On Premise Hadoop Cluster
Running on Hadoop is similar to running on a local filesystem, we just need to set the correct filesystem
and add the jackson-dataformat-yaml
library to the classpath on HDP:
- Spark 3
- Oozie
HDP example
spark-submit --deploy-mode cluster --master yarn \
--jars hdfs://my-namespace/libraires/jackson-dataformat-yaml-2.12.3.jar \
--conf spark.yarn.appMasterEnv.SL_ROOT=/user/userguide \
--conf spark.yarn.appMasterEnv.SL_FS=hdfs://my-namespace \
--class ai.starlake.job.Main \
hdfs://my-namespace/libraires/comet-spark2_2.12-0.2.8-assembly.jar import
HDP example
<action name="ImportToHDFS" cred="hdfs_creds">
<spark xmlns="uri:oozie:spark-action:0.2">
<job-tracker>${jobTracker}</job-tracker>
<name-node>${nameNode}</name-node>
<job-xml>${commonRoot}/conf/hbase-site.xml</job-xml>
<master>yarn-cluster</master>
<name>ai.starlake.job.Main</name>
<class>ai.starlake.job.Main</class>
<jar>hdfs://${appRoot}/libraries/comet-spark2_2.12-0.2.8-assembly.jar</jar>
<spark-opts>
--num-executors 6
--executor-cores 3 --executor-memory 2g --driver-memory 5g
--queue ${queueName}
--driver-java-options "-Djava.security.auth.login.config=./jaas.conf -Dconfig.file=./application.conf"

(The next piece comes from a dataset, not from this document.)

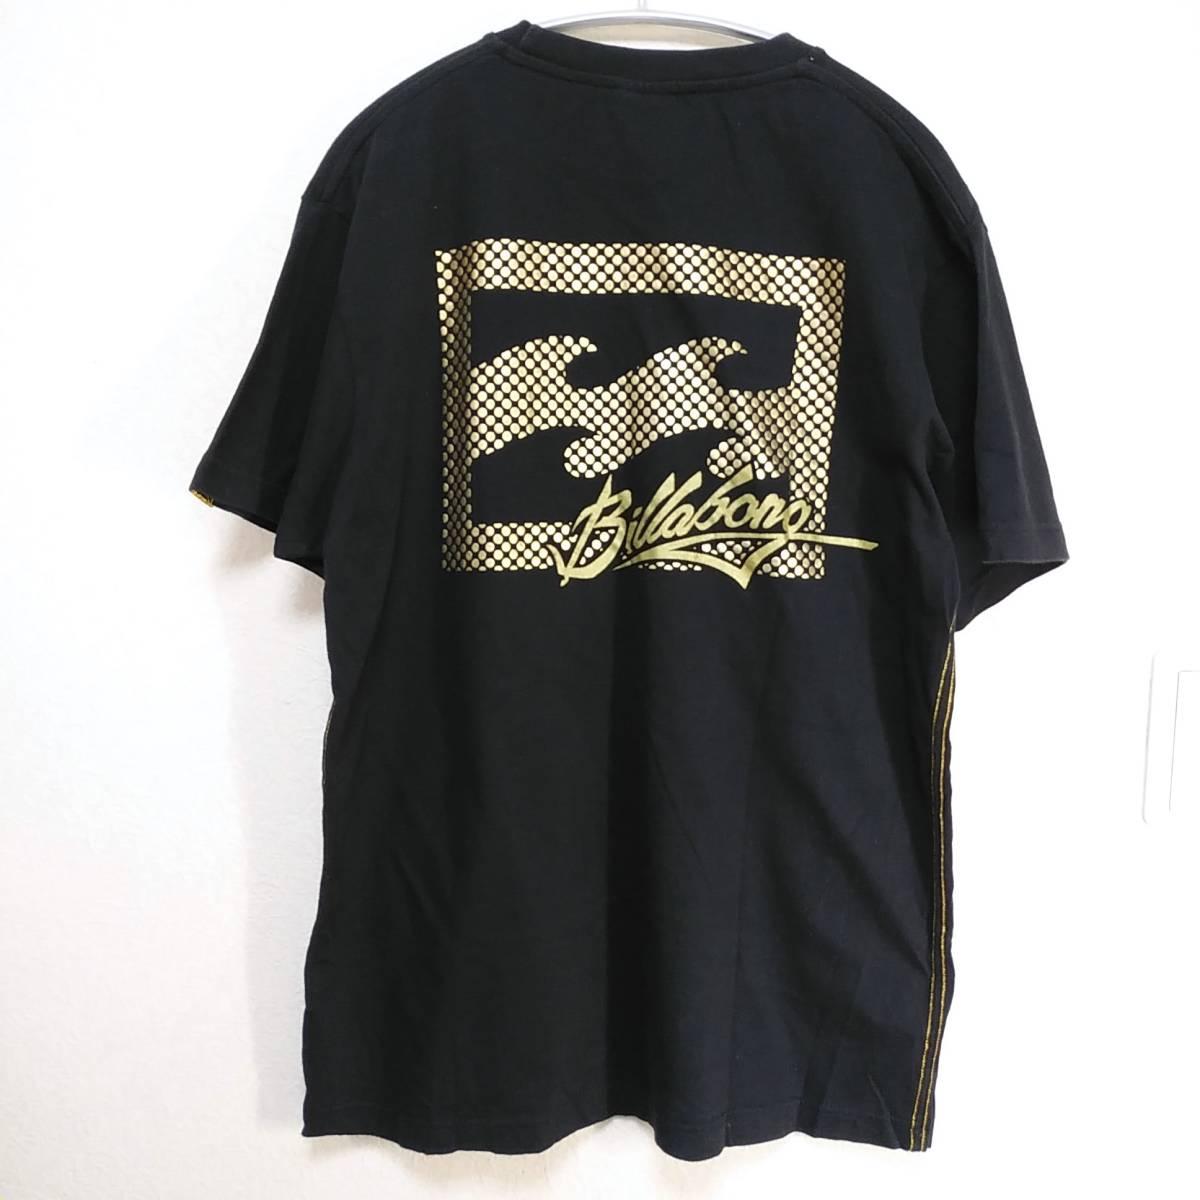 【platinum tailored by billabong】ビラボン Tシャツ メンズL ゴールド×ブラック ロゴ  190603-15333

--conf spark.yarn.security.tokens.hive.enabled=false
--conf spark.history.kerberos.enabled=true
--conf spark.history.kerberos.keytab="${sparkHistoryKerberosKeytab}"
--conf spark.history.kerberos.principal="${sparkHistoryKerberosPrincipal}"
--conf spark.yarn.historyServer.address="${sparkYarnHistoryServerAddress}"
--conf spark.history.ui.port="${sparkYarnHistoryServerUiPort}"
--conf spark.history.fs.logDirectory="${sparkHistoryFsLogDirectory}"
--conf spark.eventLog.dir="${sparkHistoryFsLogDirectory}"
--conf spark.eventLog.enabled=true
--conf spark.executor.extraJavaOptions="-Djava.security.auth.login.config=./jaas.conf"
--conf spark.ssl.enabledAlgorithms=TLS_RSA_WITH_AES_256_CBC_SHA
--jars hdfs://${appRoot}/libraries/jackson-dataformat-yaml-2.6.7.jar
</spark-opts>
<arg>import</arg>
<file>${nameNode}/${appRoot}/config/application.conf</file>
<file>${nameNode}/user/${userName}/${userKeytab}</file>
<file>${nameNode}/${commonRoot}/conf/hive-site.xml</file>
<file>${nameNode}/${appRoot}/config/jaas.conf</file>
<file>${nameNode}/${commonRoot}/conf/hbase-site.xml</file>
<file>${nameNode}/${appRoot}/config/metrics.properties</file>
<file>${nameNode}/${commonRoot}/kerberos/krb5.conf</file>
</spark>
<ok to="..." />
<error to="..." />
</action>